Myth 8: Opioids, if widely used, are bound to cause abuse
Correct: Active implementation of WHO’s three-step cancer pain management principles and rational use of opioid painkillers will not only enable the majority of cancer pain patients to receive ideal pain relief treatment, but also avoid or reduce the risk of opioid abuse. In fact: Since WHO released the three-step cancer guideline in 1982, the global consumption of morphine for medical use has increased from about 2.2 tons to nearly 30 tons, without increasing the risk of opioid abuse.

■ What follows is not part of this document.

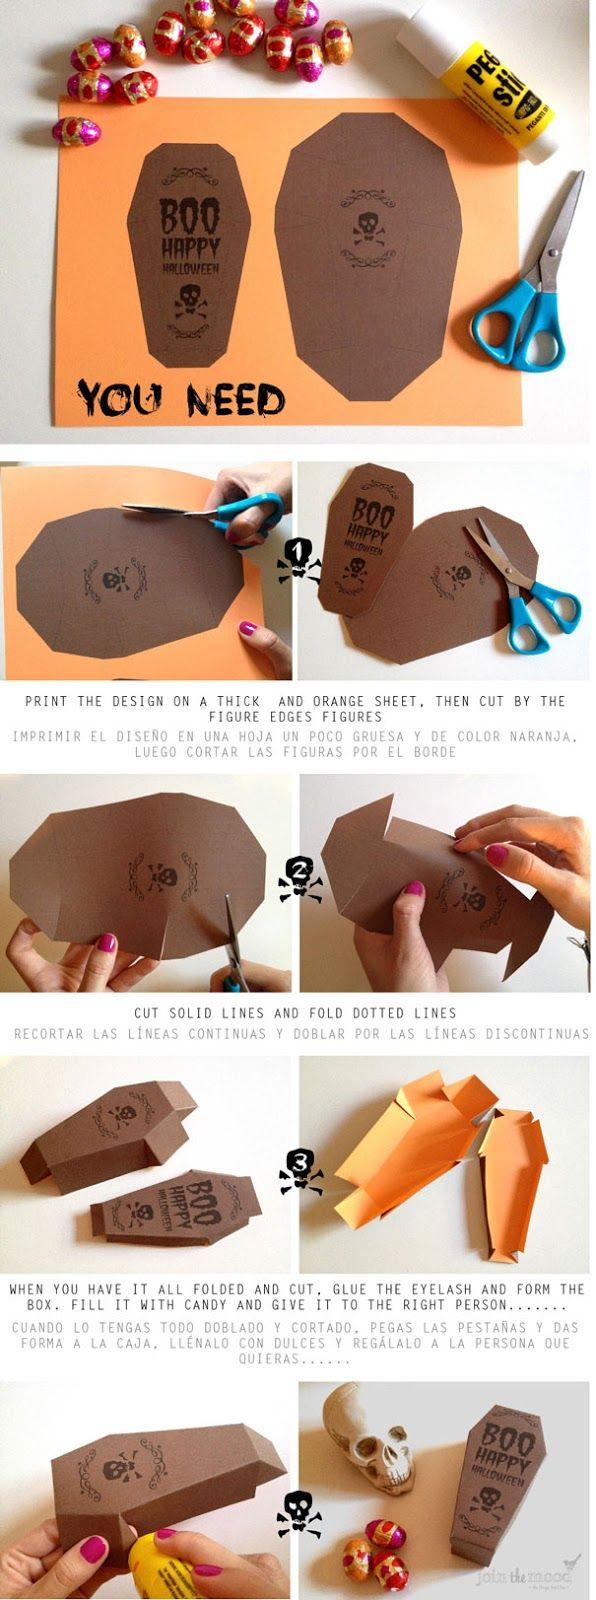 Join the Mood: DIY A HALLOWEEN BOX GIFT

Myth 9: Once you use opioids, you may need medication for life
Correct: After the cause of cancer pain is controlled and the pain disappears, opioid painkillers can be safely discontinued at any time, especially when the daily dosage of morphine is 30-60mg, and sudden discontinuation of the drug will generally not cause accidents. For long-term high-dose patients, the dosage of opioids should be gradually reduced after the pain disappears until the drug is stopped, for example, the dosage should be reduced by 25% to 50% in the first two days, and then by 25% in the next two days, until the daily dosage is reduced to 30-60 mg. In the process of reducing the dosage, if patients have pain or other abnormal reactions, they should go to the hospital for consultation.
Myth 10: Treatment with opioids for pain relief means giving euthanasia
Correct: Using opioid painkillers according to the condition of cancer pain can not only effectively control pain, but also reduce the risk of death due to severe pain, improve the quality of life and effectively prolong the survival of patients.
Myth 11: Lung cancer patients cannot use opioids
Correct: The side effects of opioid analgesics on central respiratory depression generally only occur in the case of overdose, especially when the peak blood concentration rises rapidly (intravenous administration of large doses) or when the drug accumulates and becomes toxic (such as renal insufficiency). The reason why patients with cancer pain rarely experience respiratory depression with rational use of opioid drugs is that pain is a natural antagonist of respiratory depression, and respiratory depression will not occur as long as pain cannot be stopped; patients with cancer pain who use opioid drugs for a long time will soon develop tolerance to the respiratory depression side effects of drugs. Therefore, patients with lung cancer pain can safely and effectively use opioid painkillers.